Once again I find myself taking issue with the "
Audiophiliac" opinions of
Steve Guttenberg over on CNET News. This time it involved his launching a
poll on the question:
Live vs. recorded music -- what's better?
Indeed, I am tempted to assume the contentious position that the very phrase "recorded music" is an oxymoron. In this respect I suppose I am reviving the way in which Tinctoris adopted Aristotle's distinction between making and doing, to which I devoted a post
last month. In that post I quoted heavily from a paper by Rob Wegman entitled "From Maker to Composer: Improvisation and Musical Authorship in the Low Countries, 1450–1500." In this case I would like to home in on one sentence:
While written counterpoint, by its very nature, can only be represented by a noun (res facta or cantus compositus), oral counterpoint necessarily requires one to use a verb (cantare super librum).

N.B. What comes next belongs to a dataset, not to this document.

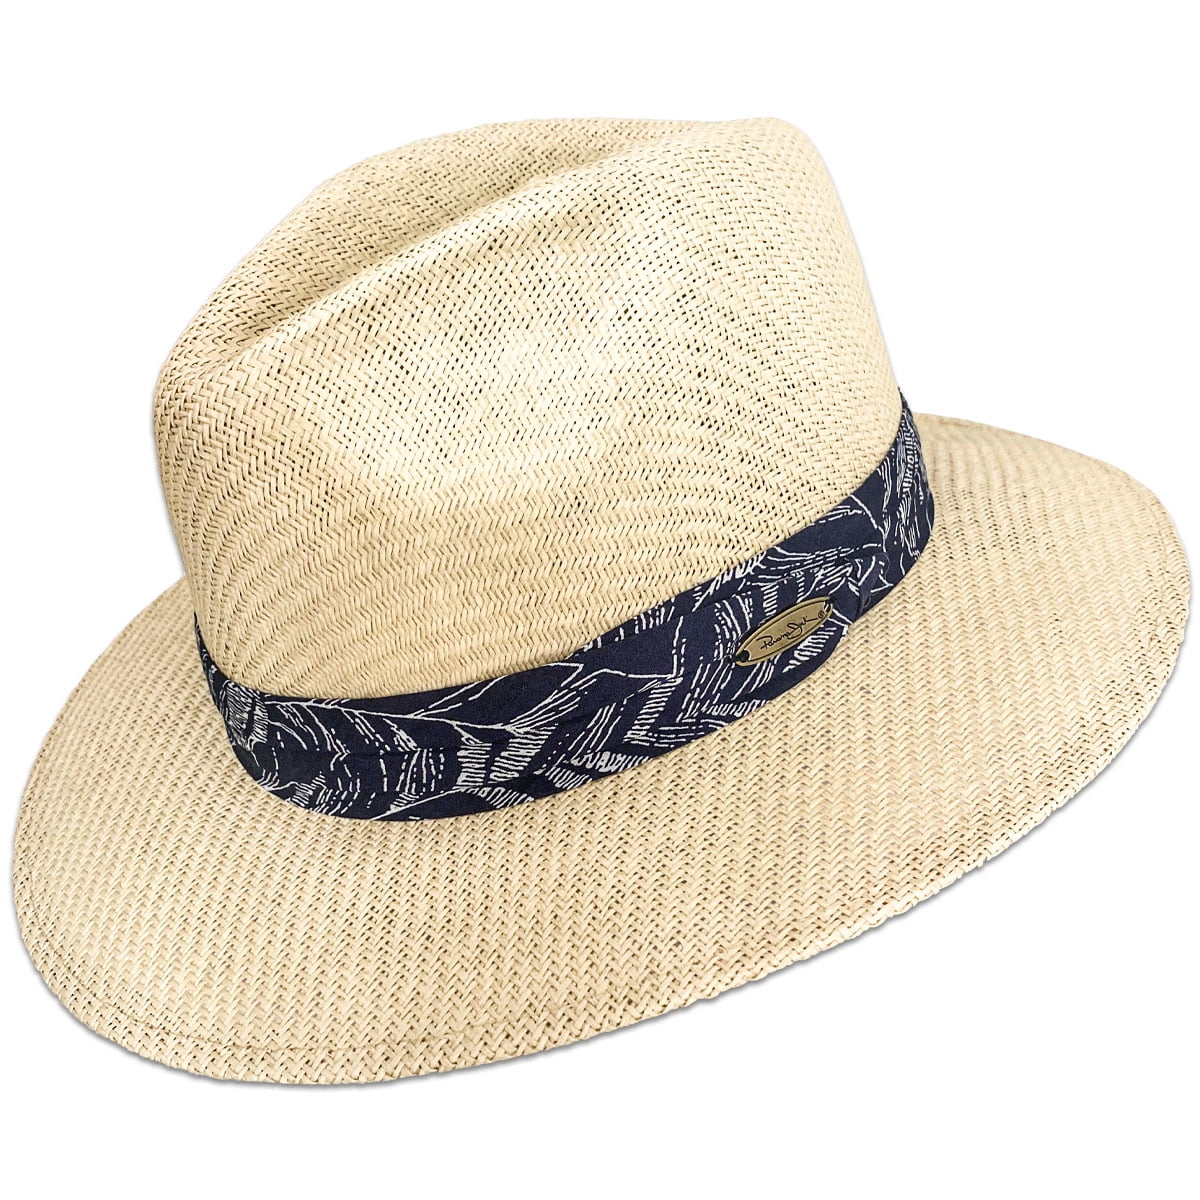 Dorfman Pacific Hats Matte Toyo Straw Trilby Hat Black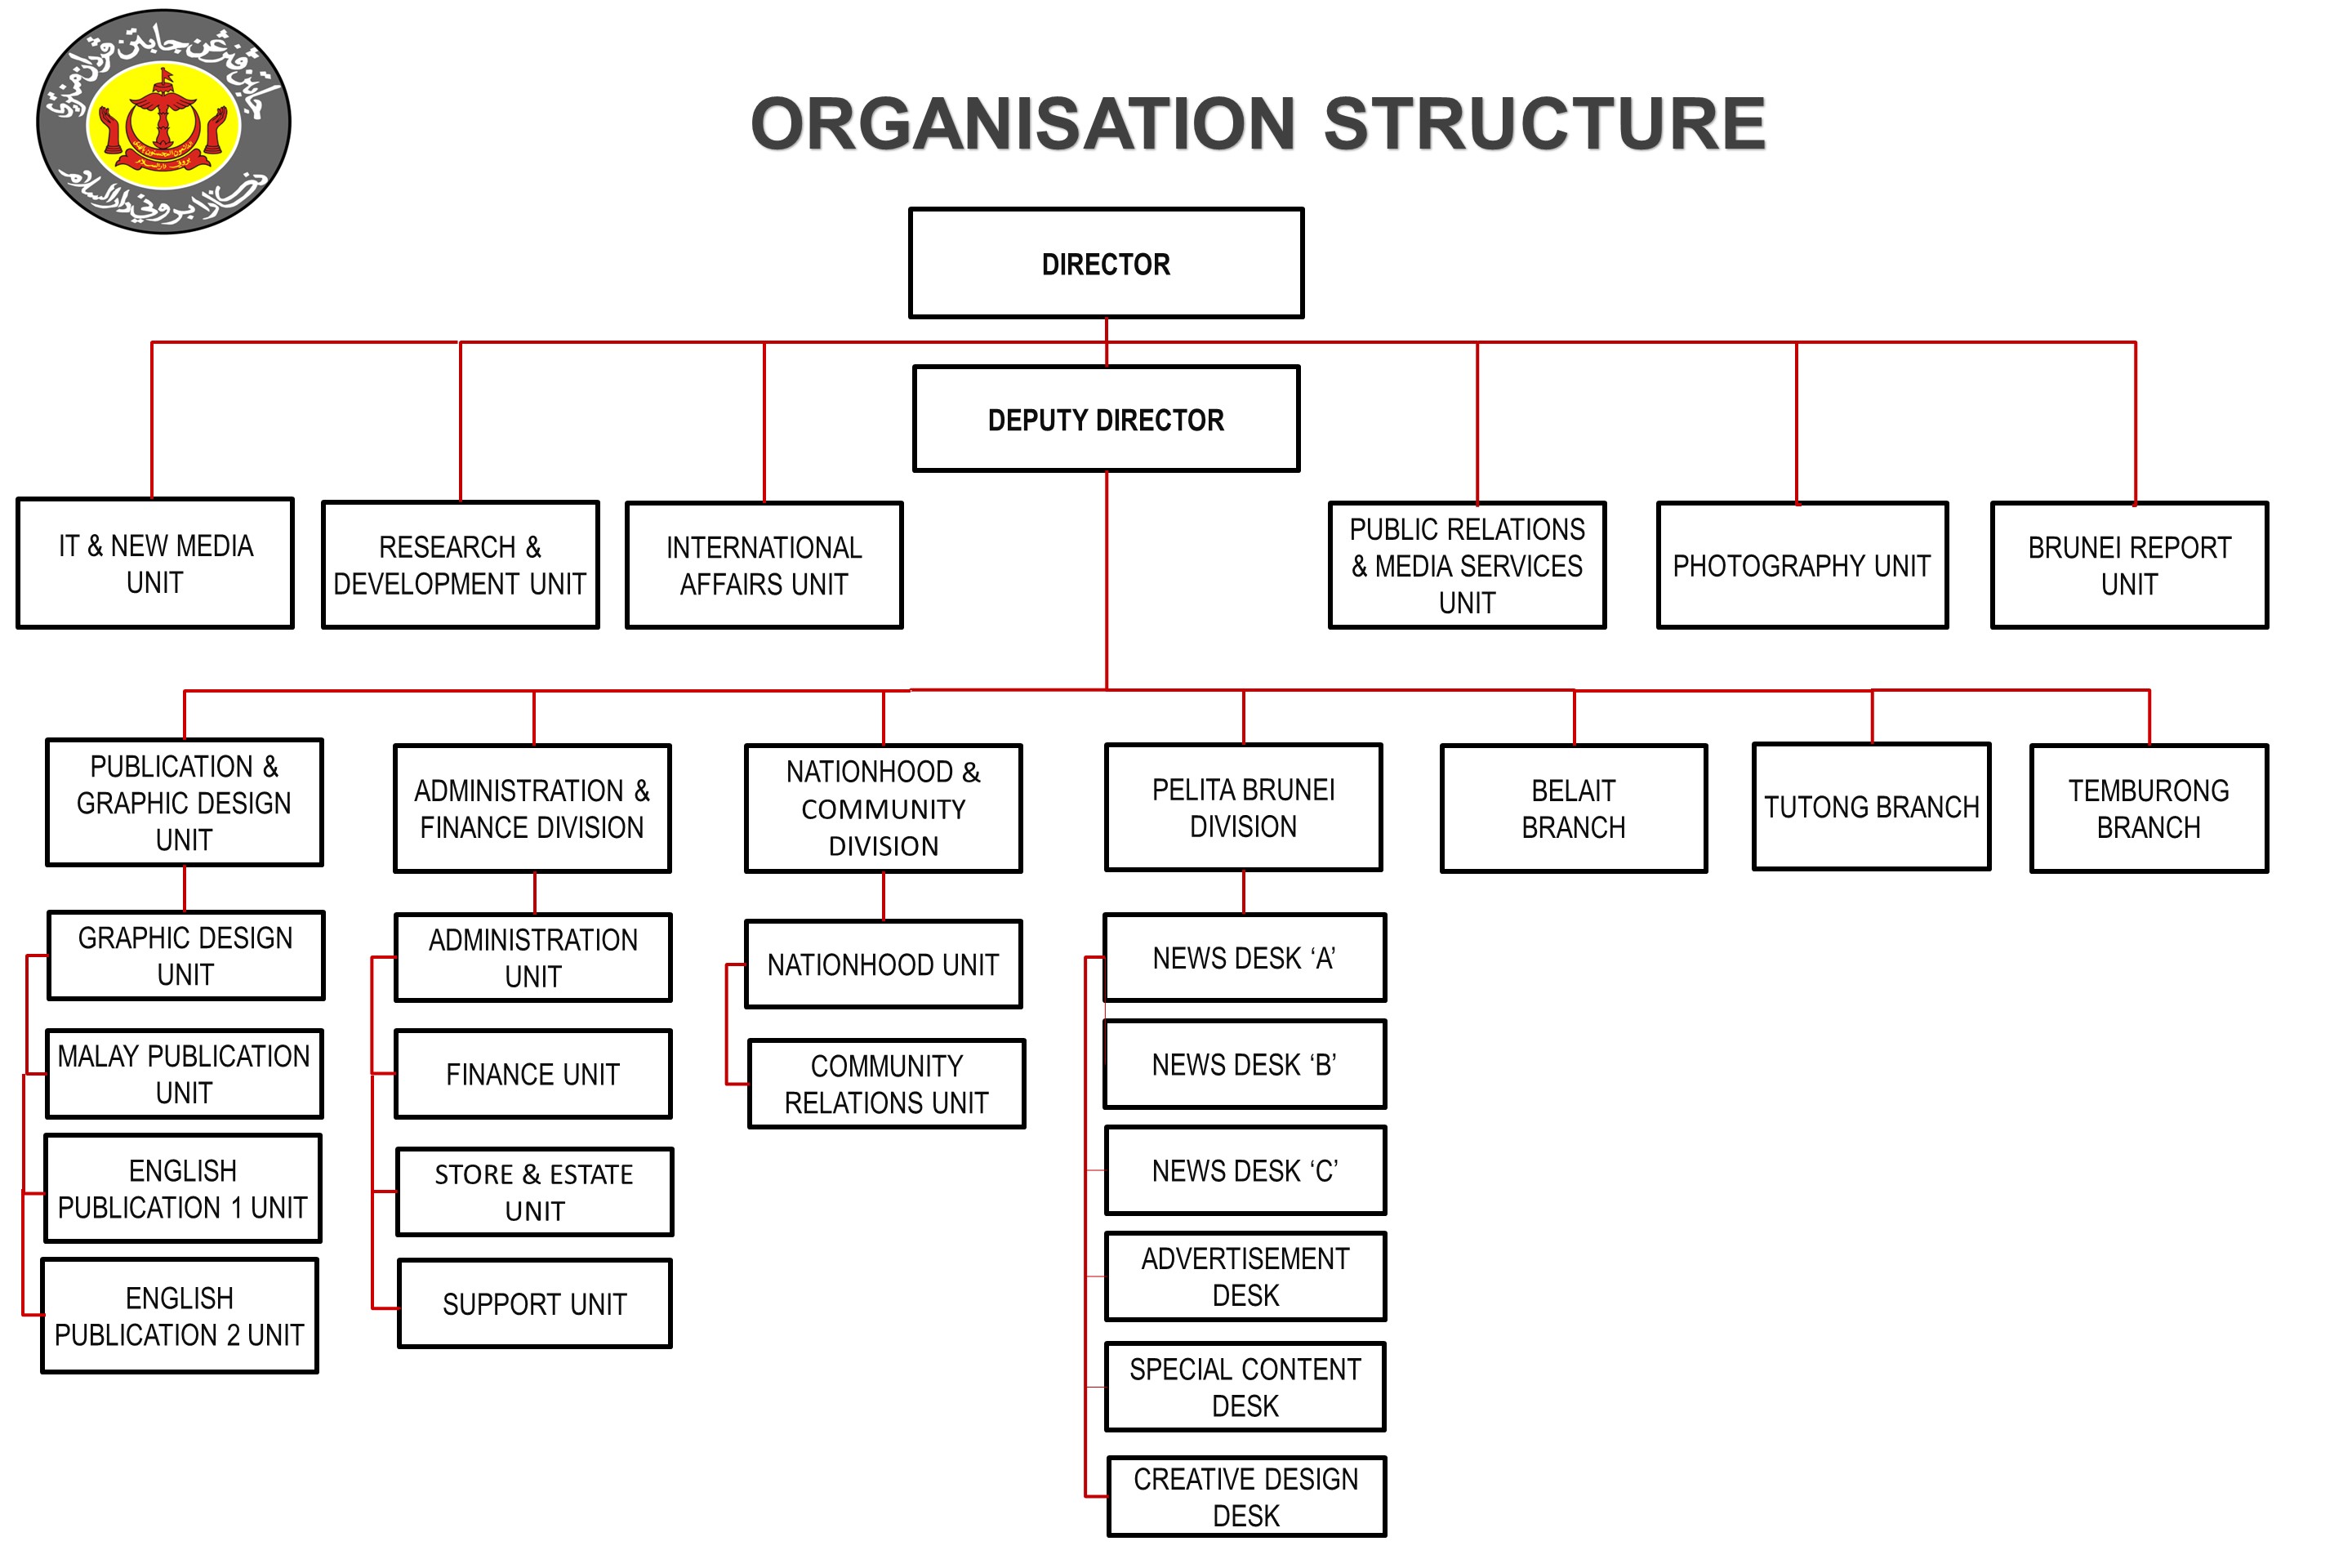 Attorney General S Department Organisation Chart

A recording, particularly one made with extensive studio work, can never be anything other than a
res facta (literally, a "made thing," with some bizarre connotations of the Mafia expression "made man"). Doing is clearly part of the process; but, when the work is done, it is inevitably secondary. True Aristotelian doing only takes place in the immediacy of performing in front of an audience (and lip-syncers need not apply). Calling anything else "music" amounts to taking a counterfeit to be the real item.
And yet, by your own accounts you occupy large segments of your life experiencing these counterfeit productions, often preferring one rendition over another, at fine levels of detail. I'm having trouble understanding the point.
ReplyDeleteActually, "by my own accounts" (both here and on my Examiner sites), I have maintained the mantra that "the music is in the performance." I do not dispute that recorded artifacts help me to be a better listener "until the real thing comes along." However, except for those cases (still anachronistically called "tape music" by many), in which the recording is all there is to the music, I would object to calling those recorded artifacts "music."